Research

Connecting Genotype and Phenotype

The Edwards and Dinsdale labs at SDSU are collaborating on a project to connect genotype and phenotypes of microbial genomes. Specifically, we are sequencing the genomes of microbes and assaying their growth in 96-well microtiter plates. By combining this data with state-of-the-art machine learning tools we will be able to identify the function of unknown genes, identify gaps in our knowledge of microbial metabolism, and build more robust metabolic models.

The lack of high-throughput phenotypic data is hindering our ability to describe the metabolic potential of microbes based on their genome annotation and our ability to predict gene complements from phenotypic analyses. To effectively understand microbes and their interaction with their environment, we need to be able to predict their metabolic capabilities. Conversely, if we detect a phenotypic change in microbes such as increased copper tolerance we need to be able to predict the genes that are responsible. In this grant we will transform genotypic to phenotypic analysis in microbes, create high throughput analyses of phenotypes, and create a rapid metabolic modeling process for the microbial tree of life.

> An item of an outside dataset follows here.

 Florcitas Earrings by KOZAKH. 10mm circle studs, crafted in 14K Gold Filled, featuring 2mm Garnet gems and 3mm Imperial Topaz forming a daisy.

We will provide the capability to reliably predict phenotype from genotype for microbial life across the bacterial kingdom. This work will result in genome sequences, annotations, and metabolic models for ~100 microorganisms, with potential for propagation to all sequenced microbial genomes. We will produce a publicly available database of growth of these microbes on over 150 different media, and we will develop new methods for the analysis and utilization of that growth data. We will generate new draft genome sequences and transcriptomes, and create new web resources for querying, comparing, sharing, and analyzing growth phenotype data for microbial genomes.

Broader Impacts of this work include Teaching: We developed two capstone courses in biology that have increased our student’s ability to conduct science and have been recognized as transformative by the NSF. This proposal will directly contribute to the education of minority students: SDSU is a Hispanic Serving Institute and we promote diversity in our labs, having taught classes with 30% Hispanics, 10% Filipinos and 10% Asian students. Our teaching includes general education classes, lower division and upper division major classes, approximately > 400 students per year. We guest lecture in summer REU and Bridges classes. Release of data: We have a long history of releasing our data in its raw and analyzed state and this will continue with this grant, including innovative websites and APIs for data exchange. International activities: Students have the opportunity to experience working and interacting with scientists from Brazil, Chile, Mexico, and Australia. Outreach: To inform the general community, we provided lectures at public forums, and for the popular press, such as National Geographic, and “Good Morning Brazil” on Rede TV. We talk at schools in San Diego, Australia, and Brazil about environmental microbes, oceanography, conservation and college education. We support the SDSU Coastal Waters Institute Open day, which over 300 people from the local community attend.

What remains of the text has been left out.